Work request >>
Copy the data below exactly. Any pictures in it should be omitted.

(Saved data entries)
★ ★ ★ ★
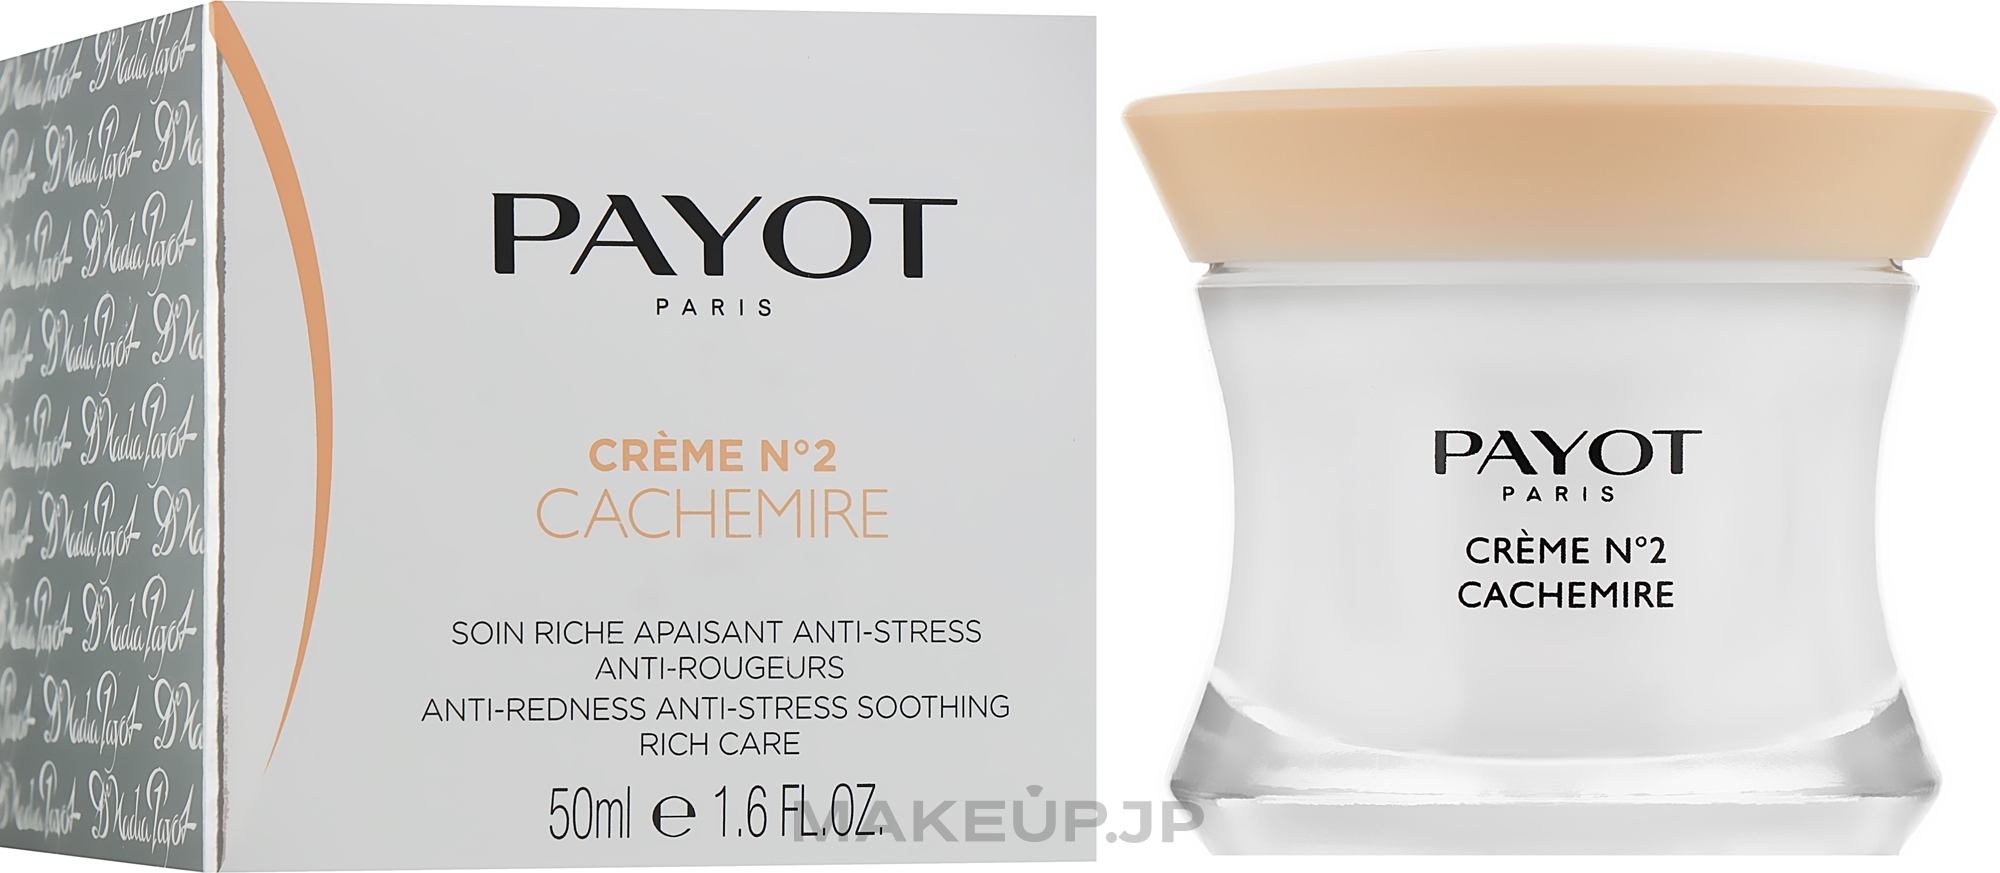 Anti-Redness Anti-Stress Soothing Rich Care - Payot Creme №2 Cachemire — photo 50 ml
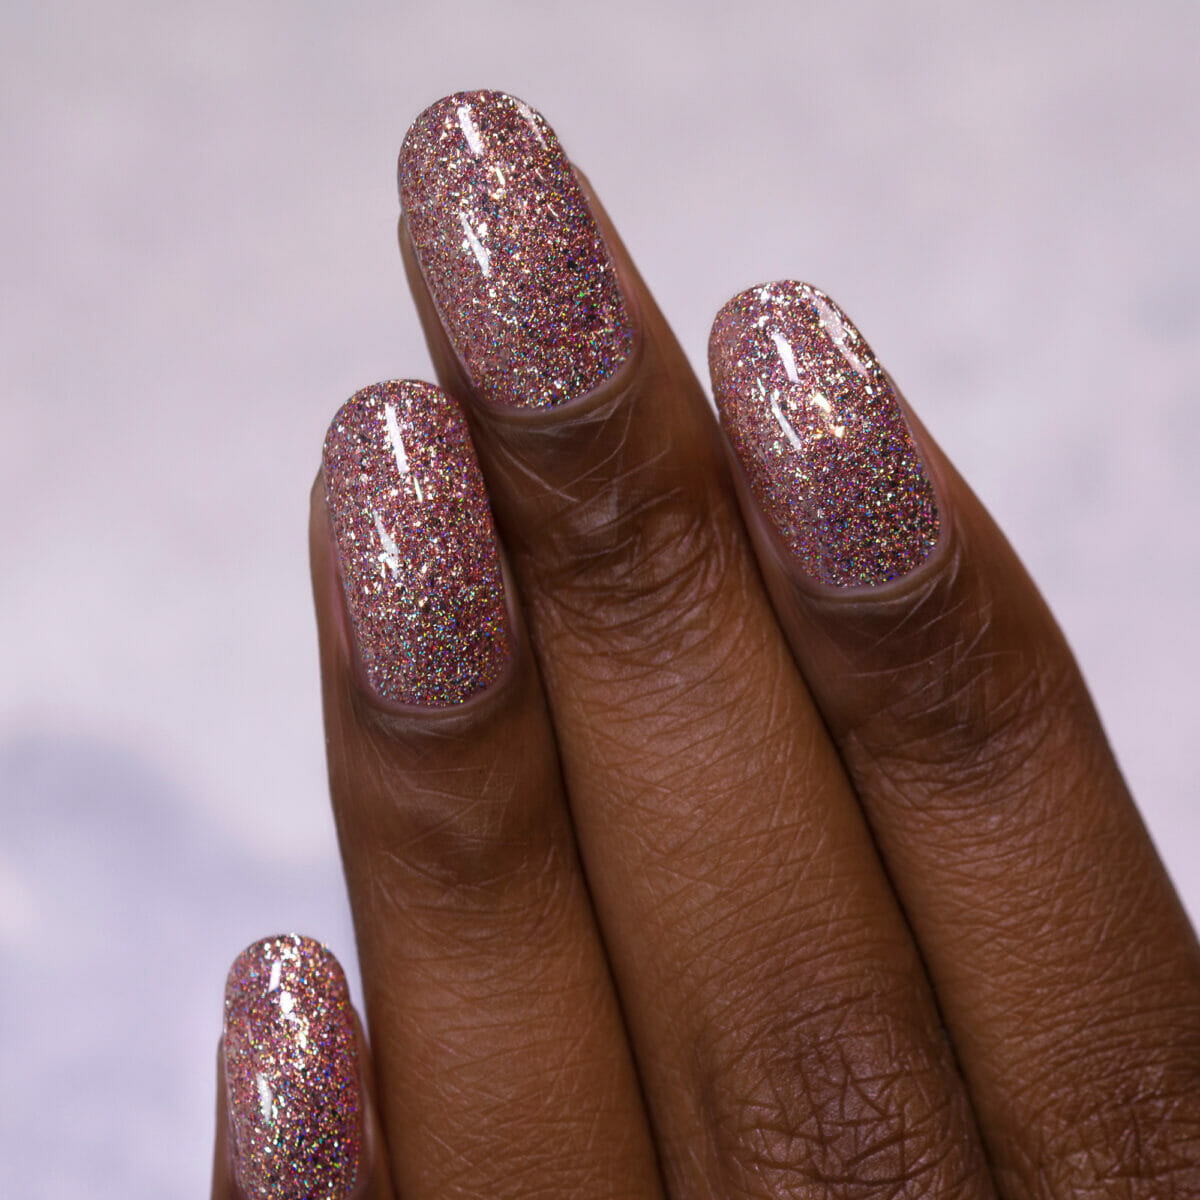 Juliette - Rose Gold Holographic Ultra Metallic Nail Polish by ILNP
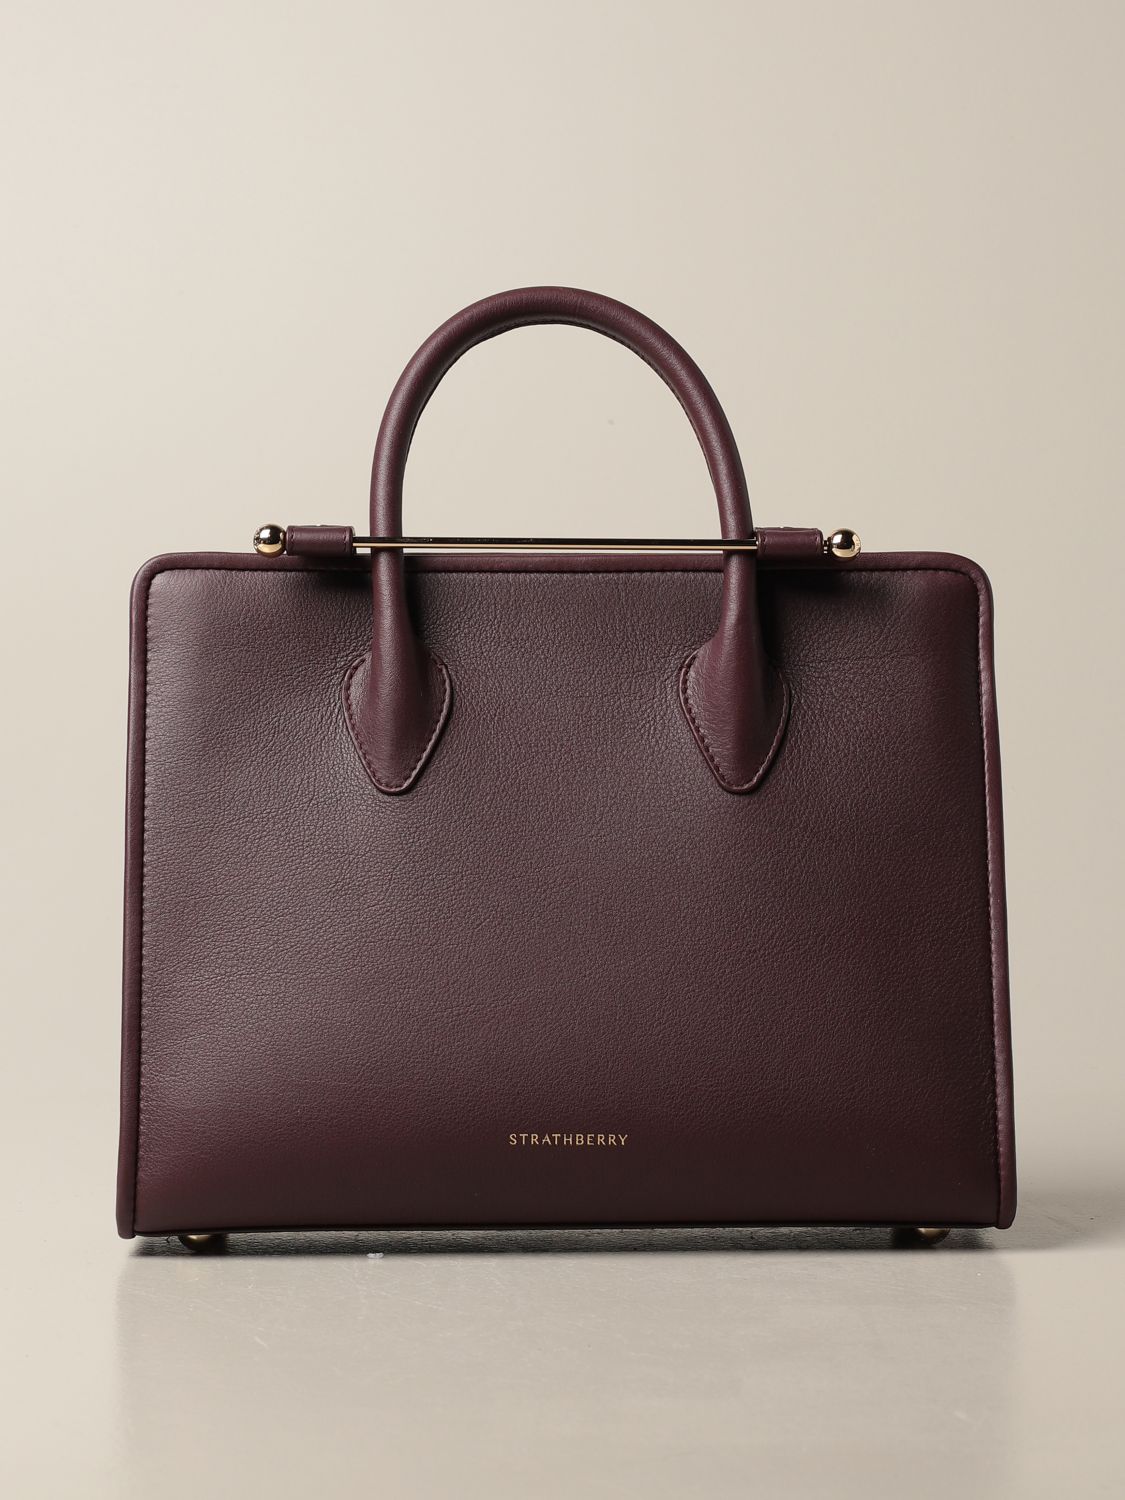 STRATHBERRY: Midi Tote bag in leather - Burgundy | Strathberry tote ...
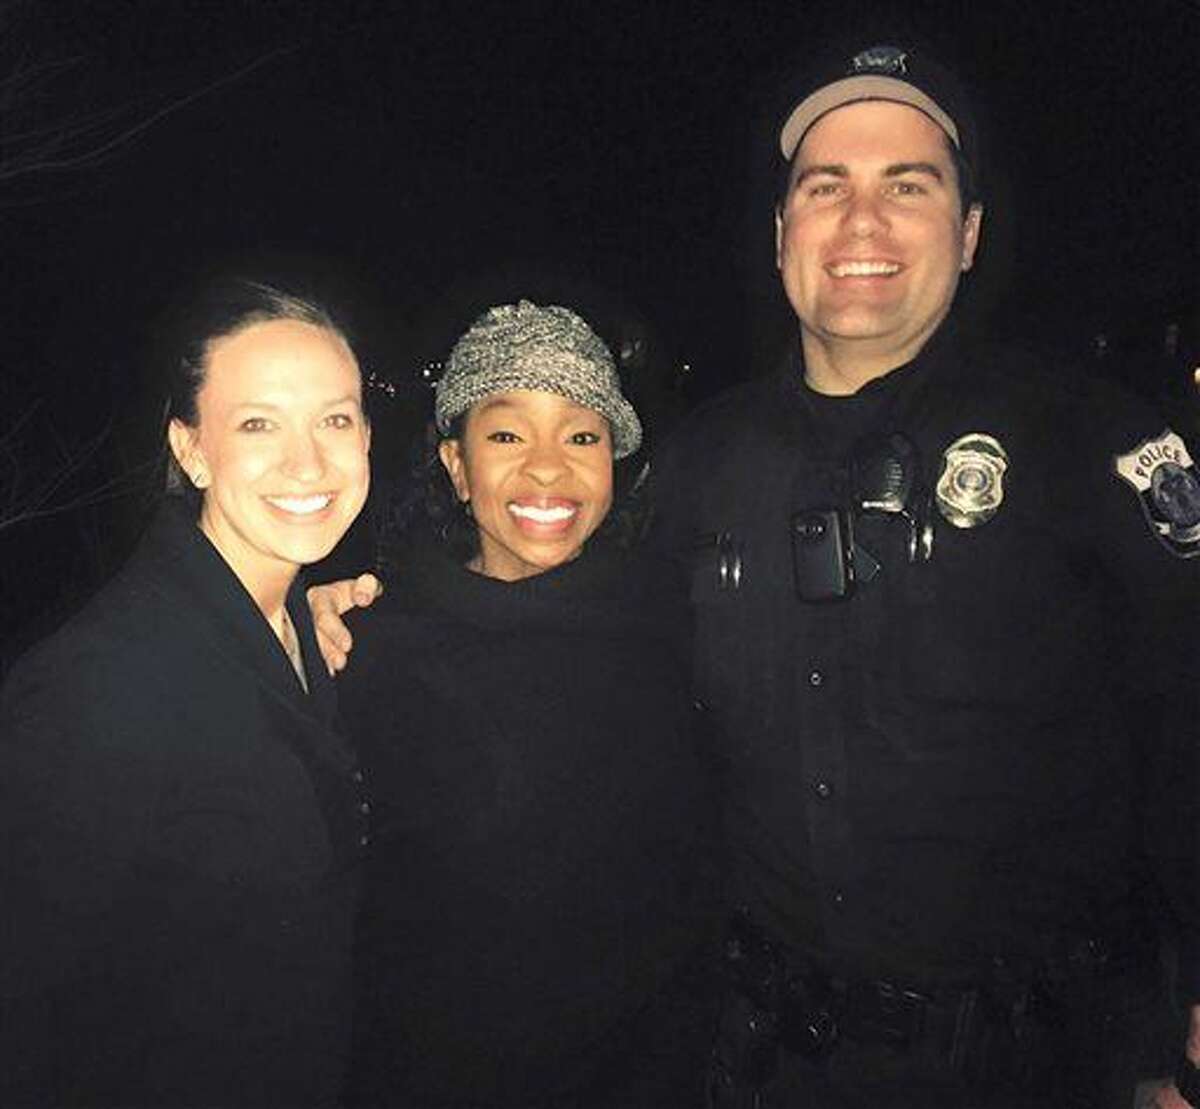 This photo provided by officer Paul Rogerson of the shows Rogerson, right, of the Pleasant Grove Police Department in Utah, singer Gladys Knight, center, and Rogerson's wife, left. 
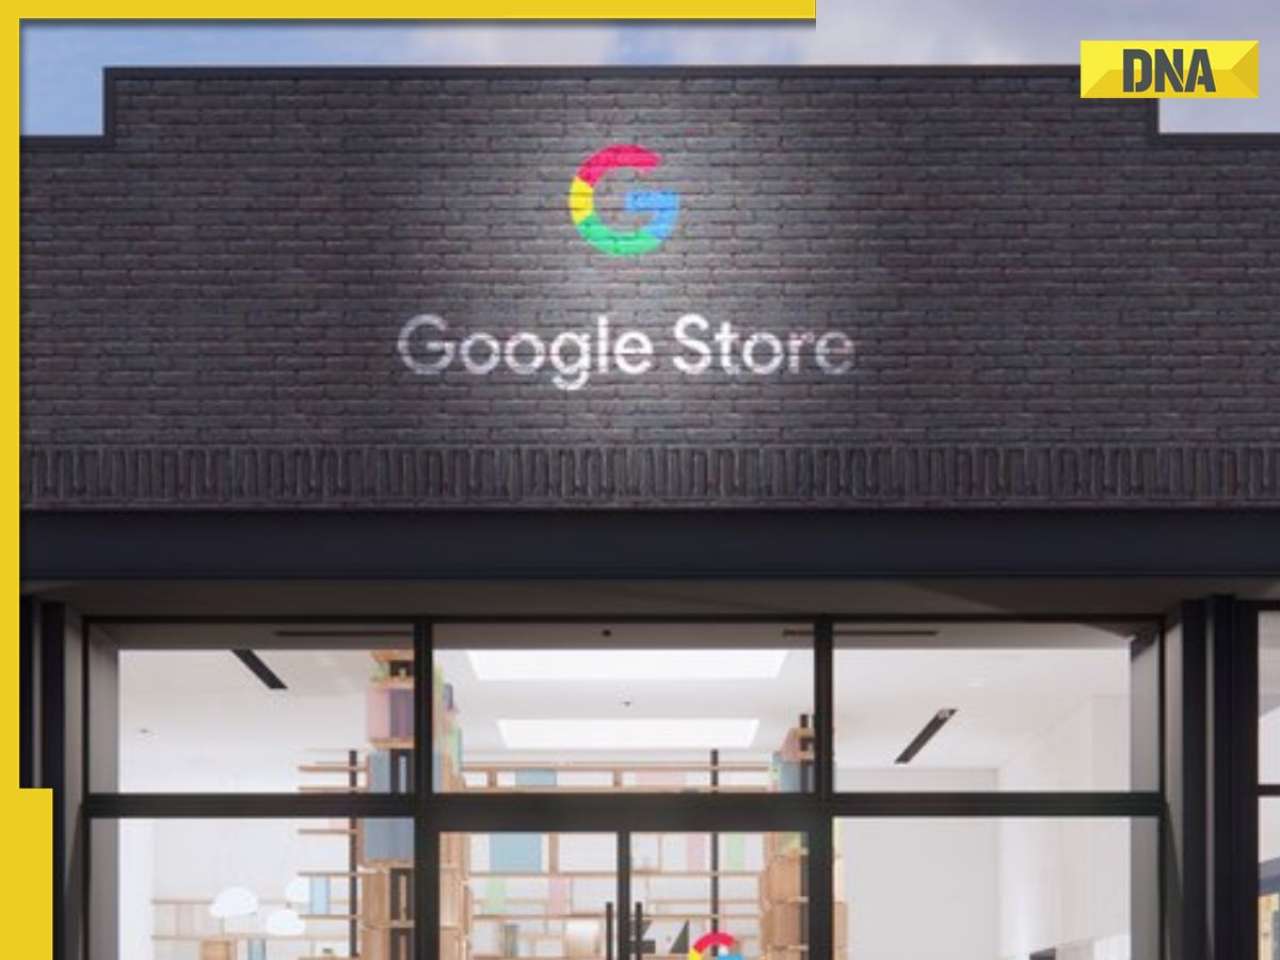 After Apple, Google may soon launch its first official retail store in India, to sell Google Pixel…
★ ★ ★ ★
Answer for the task >>
 Anti-Redness Anti-Stress Soothing Rich Care - Payot Creme №2 Cachemire — photo 50 ml
 Juliette - Rose Gold Holographic Ultra Metallic Nail Polish by ILNP
 STRATHBERRY: Midi Tote bag in leather - Burgundy | Strathberry tote ...
 This photo provided by officer Paul Rogerson of the shows Rogerson, right, of the Pleasant Grove Police Department in Utah, singer Gladys Knight, center, and Rogerson's wife, left. 
 After Apple, Google may soon launch its first official retail store in India, to sell Google Pixel…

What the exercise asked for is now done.